Hi, I've been doing FFI.  I have a C function that returns an integer.  But now from time to time, it is returning a nil.  How can this happen?  What is the right way to deal with it?
Cavemen in bearskins invaded the ivory towers of Artificial Intelligence.  Nine months later, they left with a baby named newLISP.  The women of the ivory towers wept and wailed.  \"Abomination!\" they cried.

rrq

"from time to time" sounds interesting :-)

How sure are you about the function?



Thanks, btw; this pushed me towards learning new stuff, which has been fun, and by the looks of it, it requires only a small amount of stack corruption for an ffi imported function to return nil, due to the ffi layer then misinterpreting the return type upon function return. At least it looks to me that that'd be the first contender to explain this.



It might possibly be sufficient to have some declaration badness, but I ran out of puff before seeing the light here.



And then there might be all sorts of other things still over my head.

TedWalther

Ralph, thanks for looking into this.



I fixed my problem by making sure there were no nils being passed in.  There is no time when a nil should be passed to an FFI function; it just isn't in the spec.  Perhaps this is a kind of error that would be useful for newlisp to catch and report.  an FFI function returning nil isn't quite Heisenbug territory, but it is getting there.
Cavemen in bearskins invaded the ivory towers of Artificial Intelligence.  Nine months later, they left with a baby named newLISP.  The women of the ivory towers wept and wailed.  \"Abomination!\" they cried.

TedWalther

I've been meditating on how to port newLisp to Plan9.  FFI just flat out isn't available in Plan9.  The Python approach is to compile in whatever library you need at build time.  So if newLisp follows that path, we'll need a little script to take an FFI type of spec, and turn it into a C header with appropriate wrappers to turn the desired functions into newlisp primitives.  It might not be too hard, might be able to whip up something in a couple days.
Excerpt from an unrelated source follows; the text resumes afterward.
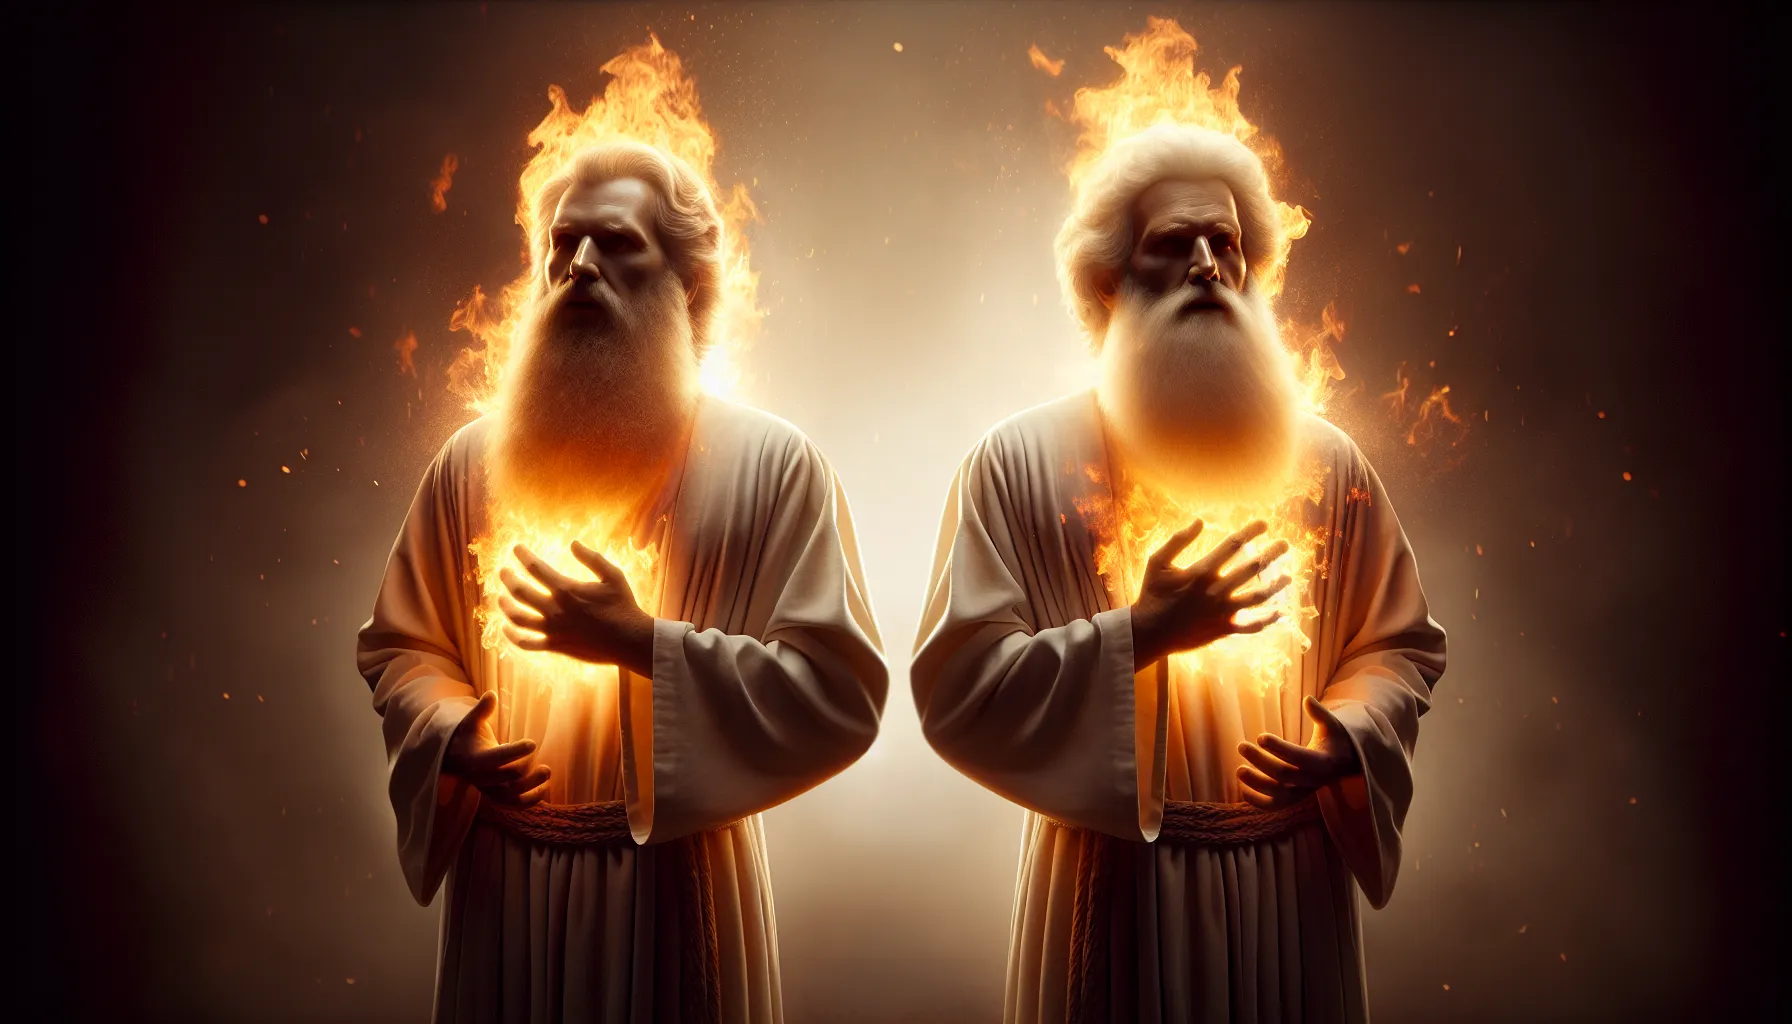 Representación artística de los dos Testigos del Apocalipsis de acuerdo a la interpretación bíblica

I think it would need just a 1 line change to primes.h and a 1 line change to the generated makefiles, to pull in the glue-wrappers.



I also see a use for a more precise layer that spells out exactly the sizes of the native C types, in addition to being able to specify exact byte widths, as newlisp does now.



Currently, I find it a little confusing the way newlisp reuses the names of C types, but they don't map 100% onto the underlying C types.



I'd be happy with something like U8, U16, U32, U64 etc instead of byte, short, int, long long.  Then the platform can define byte short int long long the way it wants, and that information is available to the newlisp programmer when he wants to map FFI calls to the underlying platform in a portable way, but if he wants exact byte widths, that is an option too.
Cavemen in bearskins invaded the ivory towers of Artificial Intelligence.  Nine months later, they left with a baby named newLISP.  The women of the ivory towers wept and wailed.  \"Abomination!\" they cried.